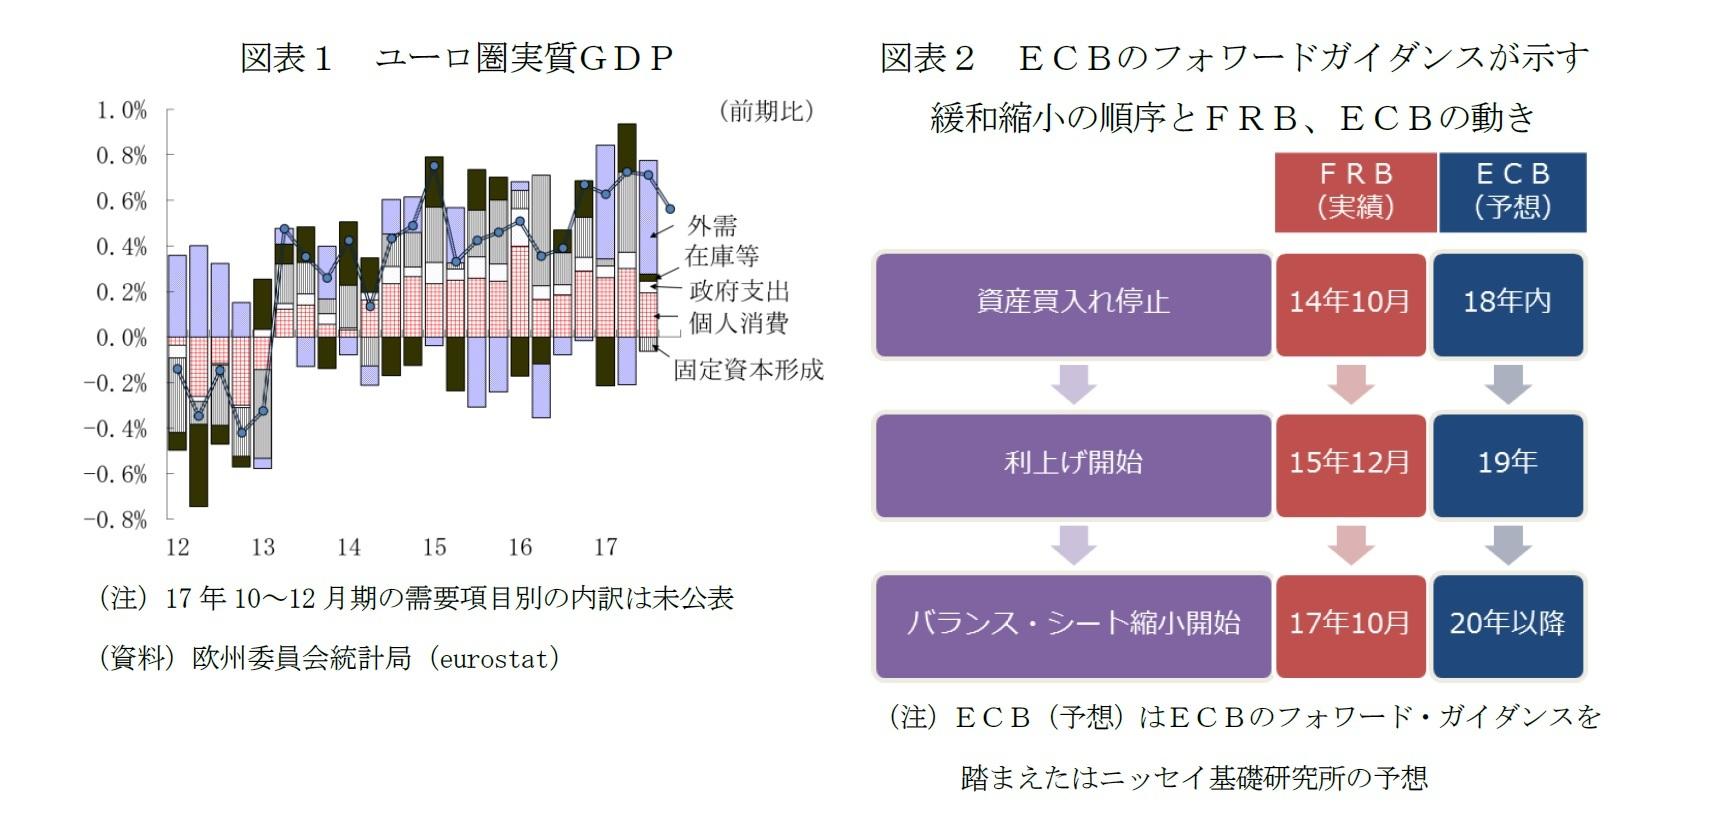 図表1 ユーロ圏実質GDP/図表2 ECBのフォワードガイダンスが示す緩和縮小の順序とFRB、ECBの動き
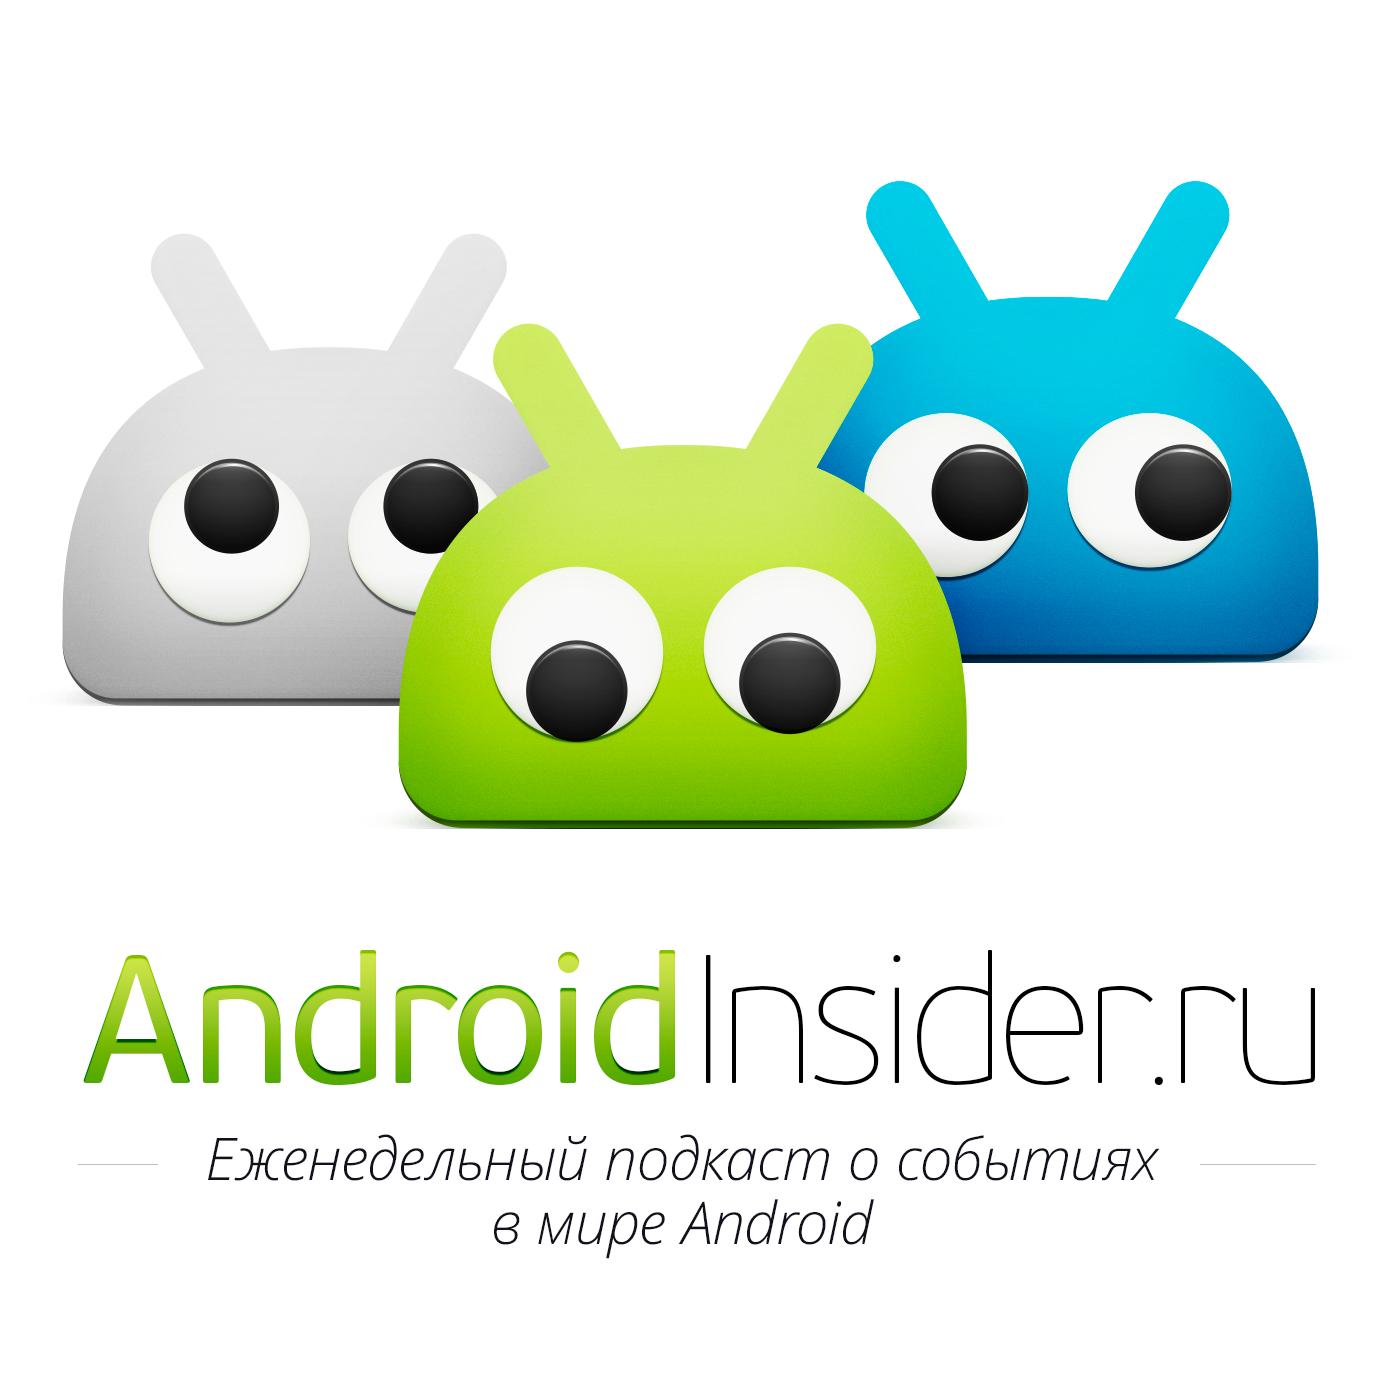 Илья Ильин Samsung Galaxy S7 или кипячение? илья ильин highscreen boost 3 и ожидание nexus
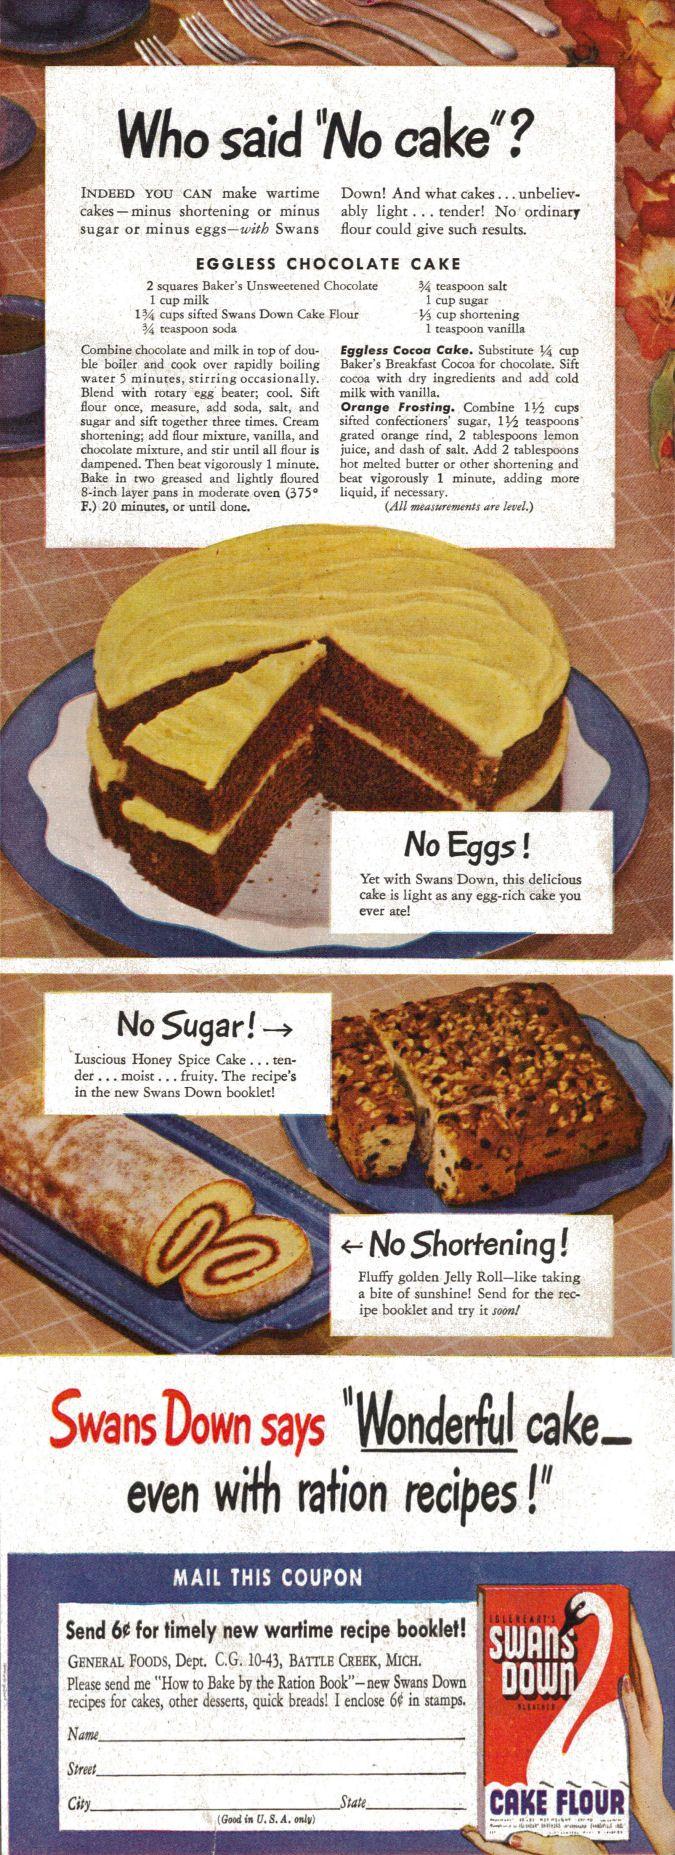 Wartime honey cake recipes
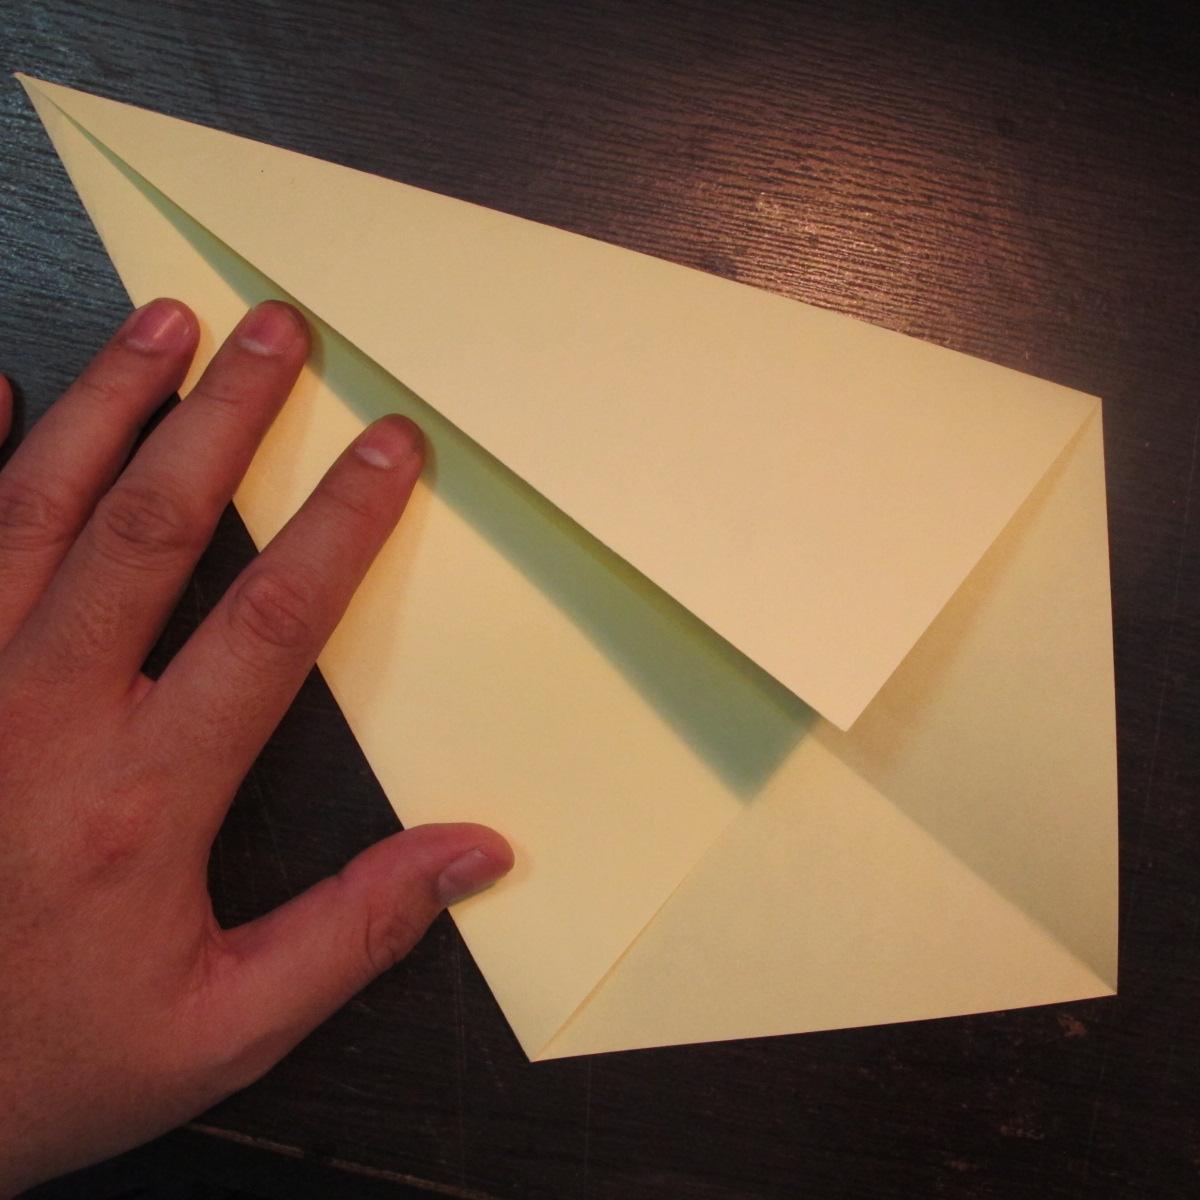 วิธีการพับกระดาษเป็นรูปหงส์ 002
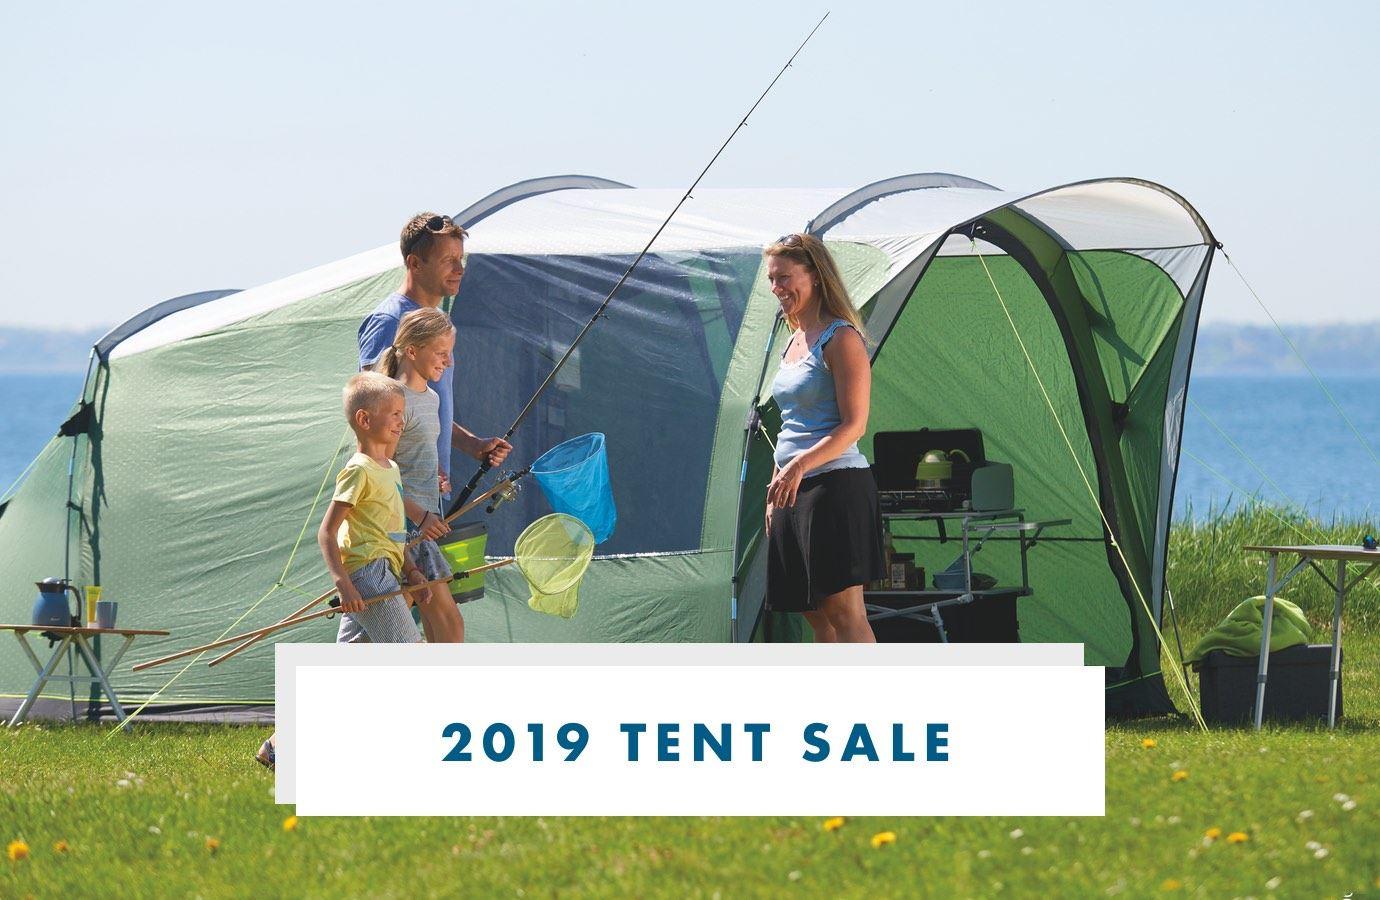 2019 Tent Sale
*-*-*
> _WORK TASK_
Return the entries verbatim without images.

> _COMPLETED EXERCISE_
 図表1 ユーロ圏実質GDP/図表2 ECBのフォワードガイダンスが示す緩和縮小の順序とFRB、ECBの動き
 Илья Ильин Samsung Galaxy S7 или кипячение? илья ильин highscreen boost 3 и ожидание nexus
 Wartime honey cake recipes
 วิธีการพับกระดาษเป็นรูปหงส์ 002
 2019 Tent Sale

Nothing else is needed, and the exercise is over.